Once again, Baku came true with another crazy, dramatic Azerbaijan Grand Prix.
The mix of incidents, drivers out of position after Lap 1 and the general track layout meant there was no room for error, and plenty of room for luck. Ironically, this year’s winners were almost identical to last year’s losers, and the other way around:
Lewis Hamilton: Thinking back to Melbourne, karma seems to have repaid the reigning World Champion as the late Safety Car helped sweep all his rivals out of the way. The Briton seemed nowhere all weekend long, struggling with tyre management and handling and having no answer for the Ferraris’ pace. He was racing a recovering Kimi Räikkōnen for P3 up until two laps from the flag when he suddenly found himself in the lead. This win puts him at the top of the Drivers’ Championship standings and this haul of points will prove valuable down the line in the race for the championship.
Sergio Pérez: Karma was working overtime this weekend. Checo’s 2017 race was virtually over when his teammate pushed him into the wall early in the race, which might have cost their team the chance to contend for victory. This year, he steered clear of the trouble and pounced at the opportunity to take the final podium spot from Sebastian Vettel. Perhaps not coincidentally, his last podium finish was at Baku in 2016 and one can’t help but wonder why a driver of his caliber isn’t considered for a top drive in this year’s silly season.
Carlos Sainz: In all of Sunday’s madness, it was easy to forget that Sainz delivered one of his finest drives yet to finish P5. This came as no coincidence as he challenged and overtook both Red Bulls early on but lost out on strategy. This will certainly raise his stock value in the driver market should he be considered for a drive with one of the top teams.
Charles Leclerc (pictured): Leclerc lived up to his Formula 2 Championship winning promise in what is unquestionably the worst car on the grid. His teammate’s pace showed that this was in part down to Sauber being genuinely quick around Baku but Leclerc’s virtue was a wise drive, staying away from the carnage to take a career-best 6th and ‘Driver of the Day’, for what it’s worth.
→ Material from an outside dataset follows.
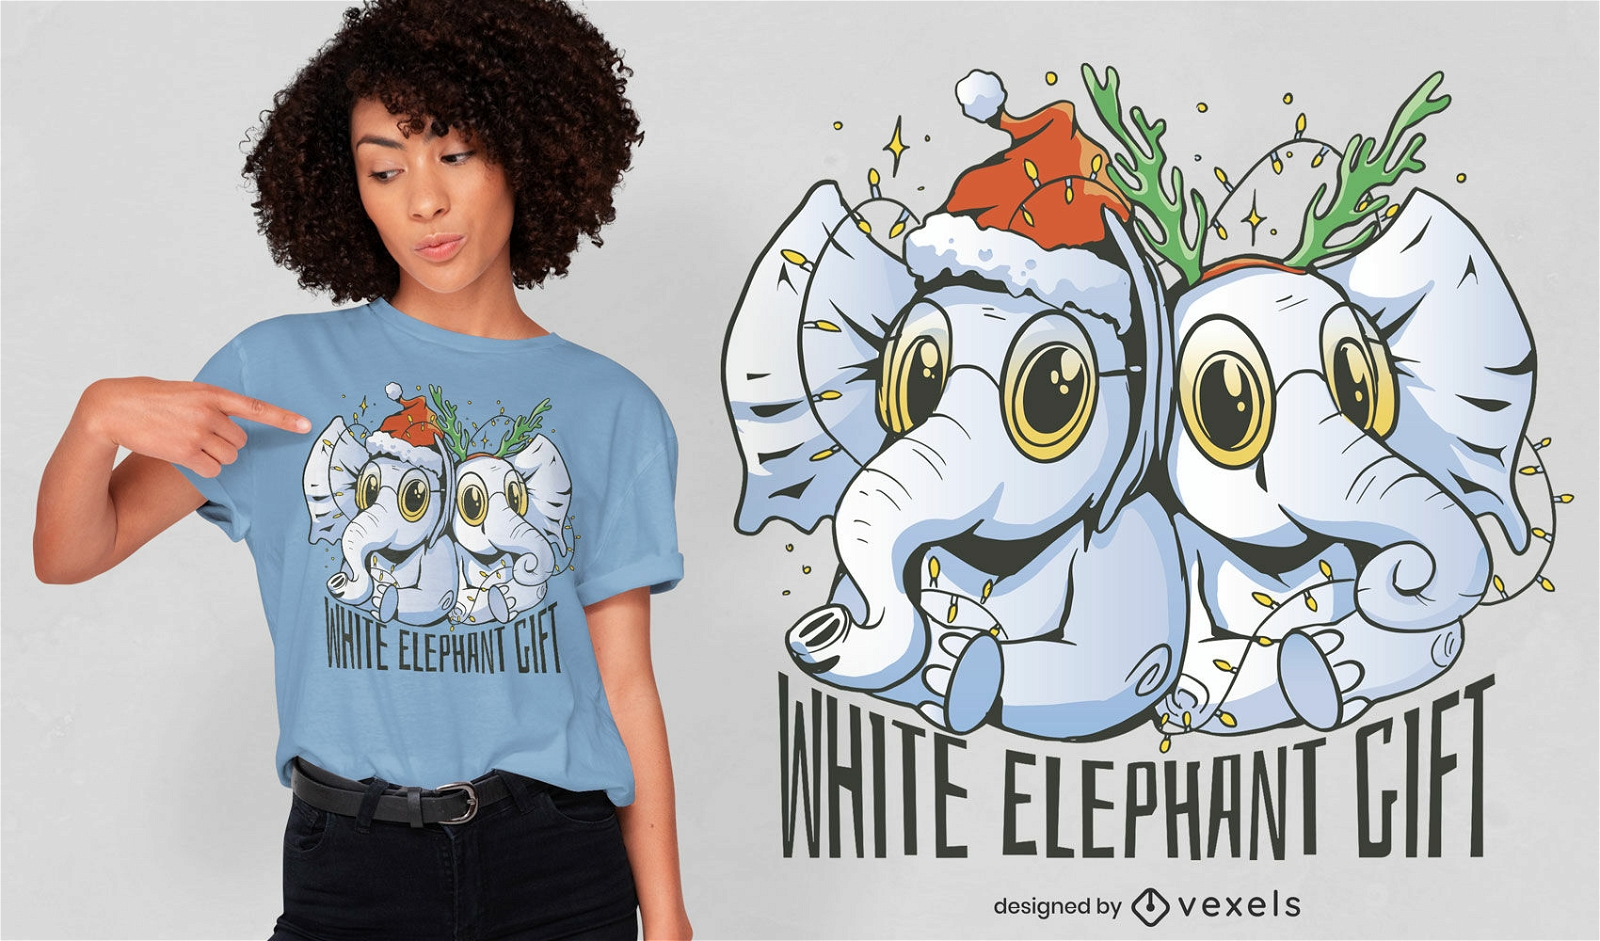 White elephant gift christmas t-shirt design
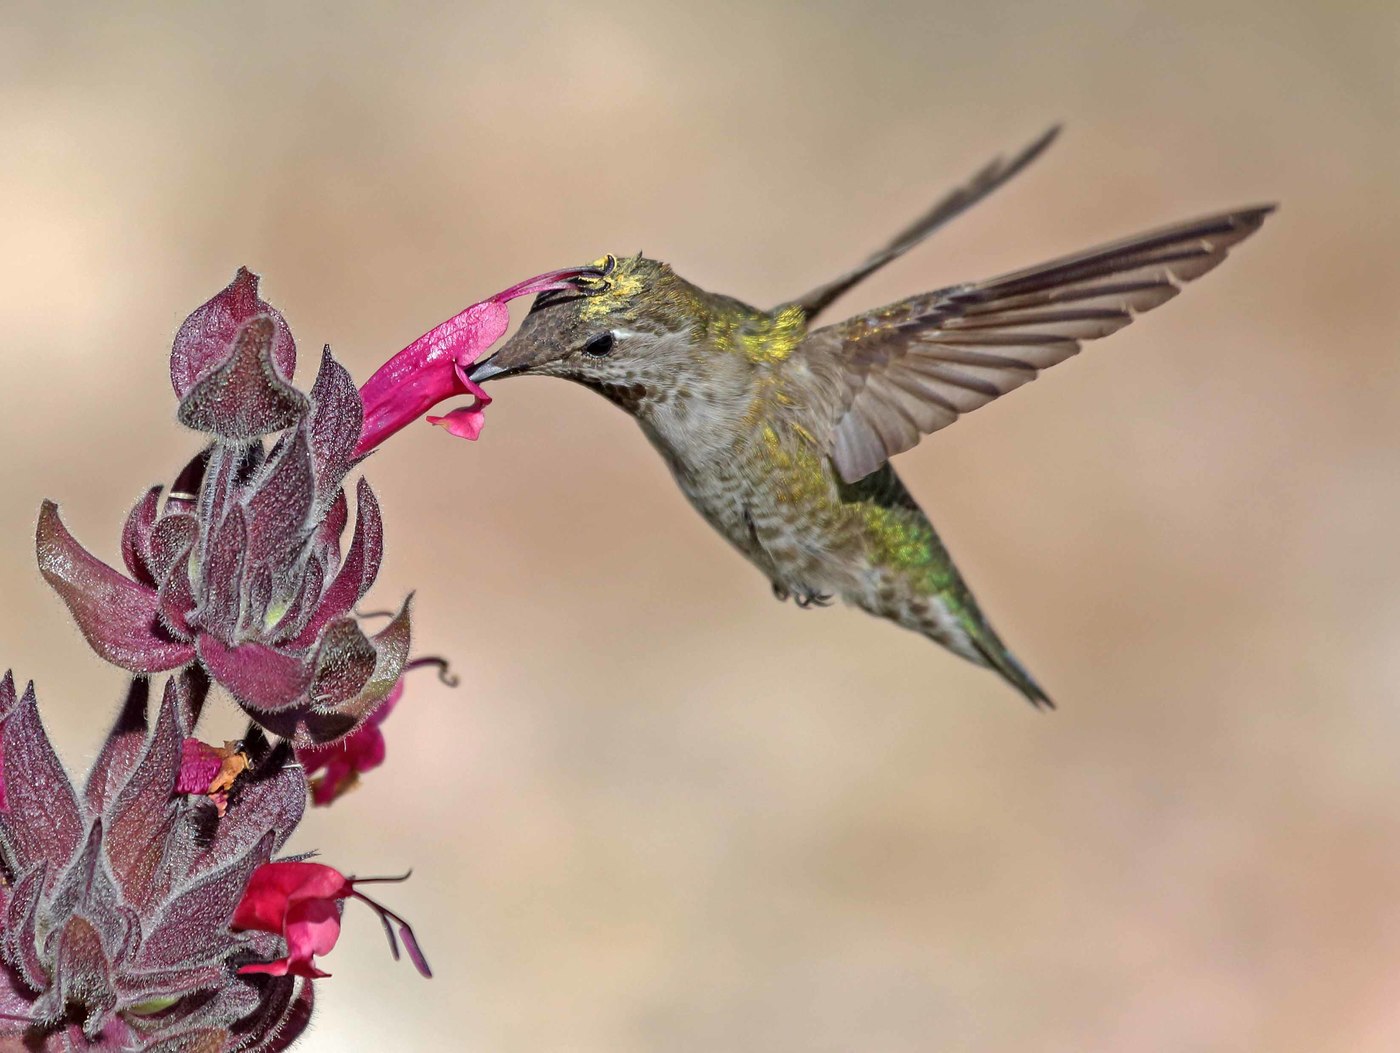 Annes Kolibri-Weibchen (Calypte Anna) trinkender Nektar von einer Blume

Valtteri Bottas: For the third race in a row, Bottas was robbed of a well-deserved victory in the final miles. Unlike the previous two races where he lost out on track, this one was a hearbreak all across the paddock. It’s fair to blame the stewards for not having cleared the track of debris after 8 laps under Safety Car conditions, but what’s certain is that had he won, he would have been in the lead of the Drivers’ Championship table, but now he’s 30 points down from his teammate. In a season like 2018, this could make all the difference come November.
Red Bull Racing (pictured): There are few better manifestations of the phrase ‘hero to zero’. After they managed to steal a brilliant victory two weeks ago in China, the drivers once again broke the oldest rule of all: Do not run into your teammate. Red Bull’s policy of letting their drivers race has put them in hot water many times in the past, but in Baku the team failed to cool down two drivers fighting a fierce battle not just for position, but also for number-one status in the team. It was all great to watch two overtaking masters at their craft but the battle was so heated that it was an accident just waiting to happen. Max Verstappen, Daniel Ricciardo and the Red Bull pit wall have only themselves to blame.
Romain Grosjean: Heartbreak after heartbreak. Haas clearly had the pace to haul a good amount of points back from Baku, and they stumbled over themselves. Grosjean weeping behind his car on Sunday was a solid low point from which a recovery drive back to P6 would have been another great result for the Frenchman, but he lost it all heating his rear tyres behind the Safety Car when he crashed into the wall. It was a bizarre mistake for a man of his experience. He was right to throw his gloves like he did, and he has nobody else to blame.